In `@src/Arcp.Runtime/SessionState.Dispatch.cs`:
- Around line 40-62: The catch in DispatchAsync currently treats all exceptions
(including OperationCanceledException) as INTERNAL_ERROR and attempts to
SendAsync a session.error; change it to detect cooperative cancellation and
avoid emitting an INTERNAL_ERROR: if the exception is OperationCanceledException
or cancellationToken.IsCancellationRequested (or Exception.InnerException is an
OCE), rethrow or return immediately instead of logging/sending the
session.error; otherwise proceed with the existing _logger.LogError and
SendAsync of the Envelope (SessionErrorPayload / ErrorCode.InternalError).
Ensure checks reference DispatchAsync, SendAsync, CloseAsync, Envelope,
SessionErrorPayload, SessionId and ErrorCode.InternalError so the altered catch
only handles unexpected failures.
In `@tests/Arcp.IntegrationTests/AuditFixesTests.cs`:
- Around line 24-39: StartServer currently returns a live ArcpServer that
launches background work (via server.AcceptAsync) and is never disposed; change
StartServer to return a small disposable harness (e.g., TestServerHost
implementing IAsyncDisposable) that encapsulates the ArcpServer and the
MemoryTransport client pair, starts AcceptAsync internally, and on
Dispose/DisposeAsync cancels/awaits the AcceptAsync task and calls
ArcpServer.DisposeAsync (or a Stop/Shutdown method) to ensure background
sweeper/session work is stopped; update callers to await using the returned
harness. Ensure references to StartServer, ArcpServer, AcceptAsync, and
MemoryTransport.Pair are used to locate and modify the code.
- Around line 165-176: The object-initializer blocks passed to
ArcpClient.ConnectAsync (the ArcpClientOptions instances in the calls that
create `alice` and `bob`) are currently single-line and failing dotnet format;
reformat each initializer so properties are on separate lines (one line per
property) with proper indentation and trailing commas as per repository style
(e.g., break the `new ArcpClientOptions { Client = new ClientInfo { Name =
"...", Version = "..." }, Token = "..." }` into a multi-line initializer for
ArcpClientOptions and a nested multi-line initializer for ClientInfo) so dotnet
format passes.
---
Outside diff comments:
In `@src/Arcp.Runtime/JobManager.cs`:
- Around line 113-183: SubmitAsync correctly records idempotency entries in
_idempotency but the cleanup logic currently removes those entries when jobs are
GC’d (after TerminalJobRetentionSec), causing idempotency to expire sooner than
_idempotencyWindowSec; update the cleanup/terminalization path that removes
entries from _idempotency so it only deletes an IdempotencyRecord when its
CreatedAt is older than _idempotencyWindowSec (or store an explicit expiry
timestamp on IdempotencyRecord and compare to _time.GetUtcNow()), rather than
removing on job terminal retention; reference SubmitAsync, _idempotency,
IdempotencyRecord, TerminalJobRetentionSec and _idempotencyWindowSec to locate
and change the garbage-collection/removal logic accordingly.

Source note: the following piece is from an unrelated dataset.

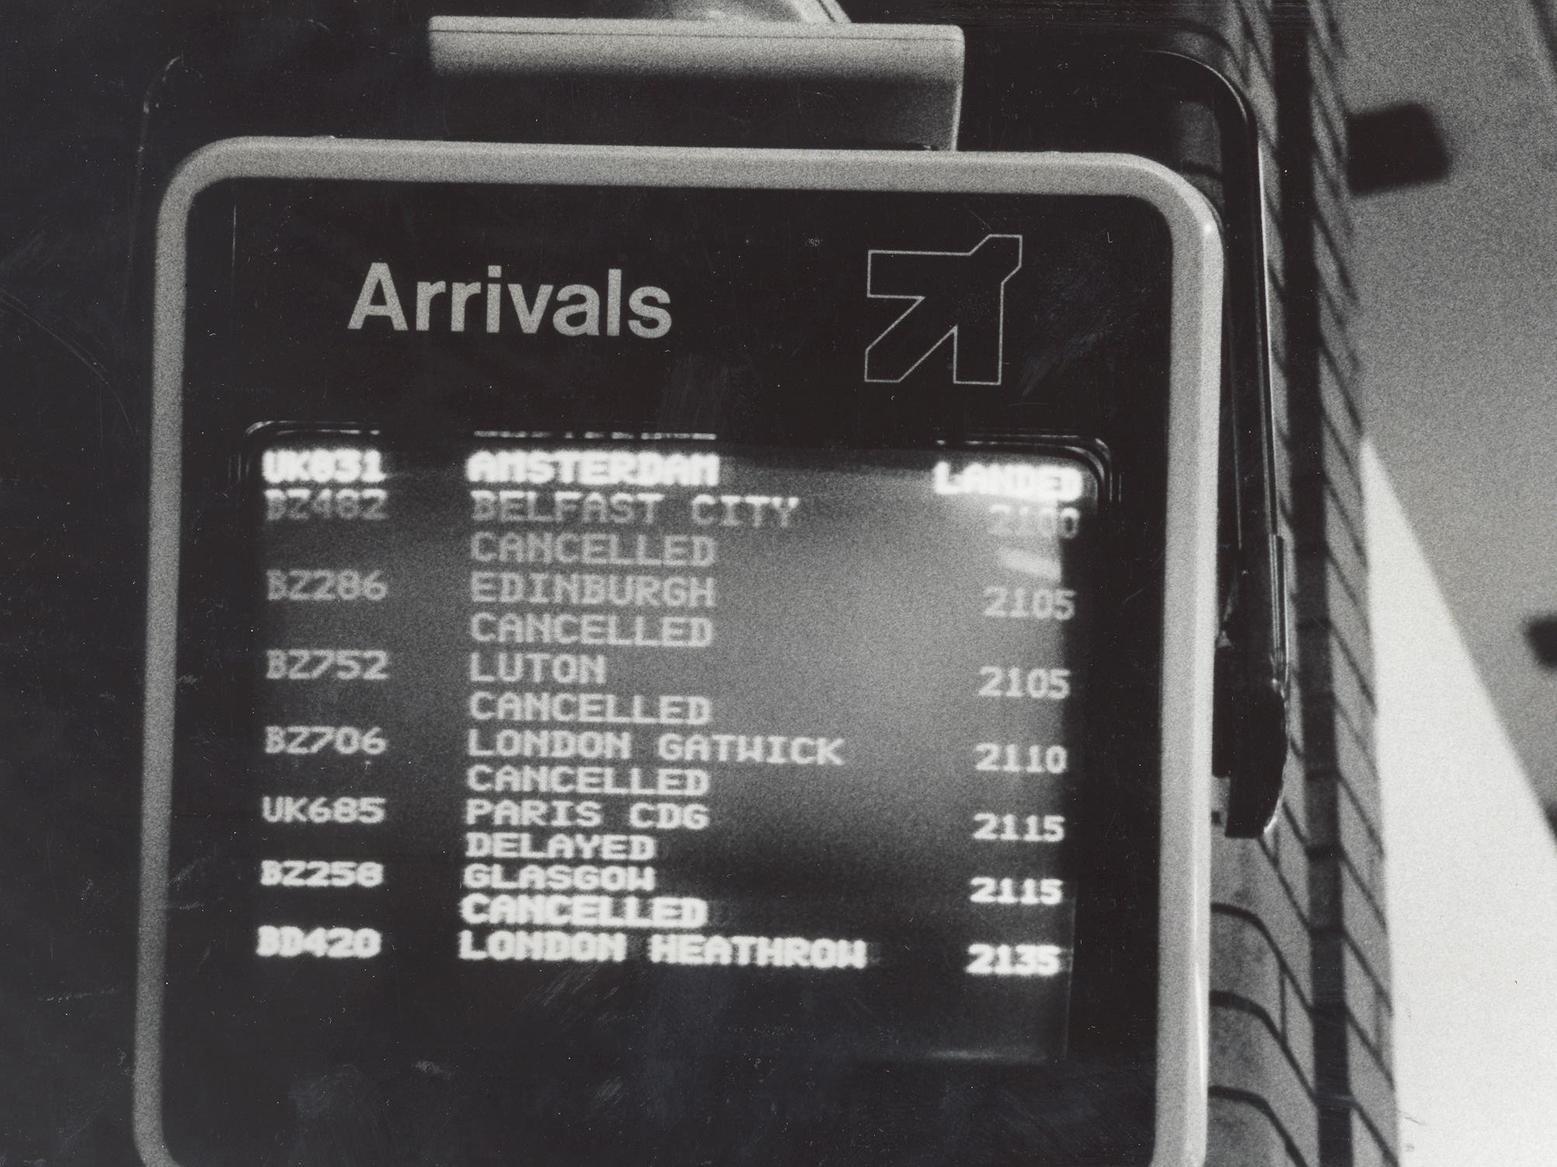 Bad news for travellers as the arrivals board shows cancellations of incoming Capital Airlines planes.

In `@src/Arcp.Runtime/SessionState.cs`:
- Around line 119-135: The direct call to _transport.SendAsync for the
SessionClosed envelope breaks the single-writer invariant because SenderLoop is
still draining _outbound; instead, enqueue the SessionClosed Envelope into the
_outbound channel (using the same Envelope/SessionByePayload used now), then
complete the writer (keep _outbound.Writer.TryComplete()), await SenderLoop to
finish flushing the channel so the transport write is serialized by SenderLoop,
and only after SenderLoop completes call _cts.Cancel() and
_transport.CloseAsync(reason, ...); remove the direct _transport.SendAsync(...)
for session.closed so all writes go through SenderLoop.
- Around line 146-152: DisposeAsync currently returns early when IsClosed is
true and thus never disposes owned fields; update DisposeAsync so it always
disposes _cts and _emitGate even if IsClosed is true: call CloseAsync() only if
not already closed (or skip it when IsClosed), but ensure _cts.Dispose() and
_emitGate.Dispose() run unconditionally (or guarded by a separate disposed flag)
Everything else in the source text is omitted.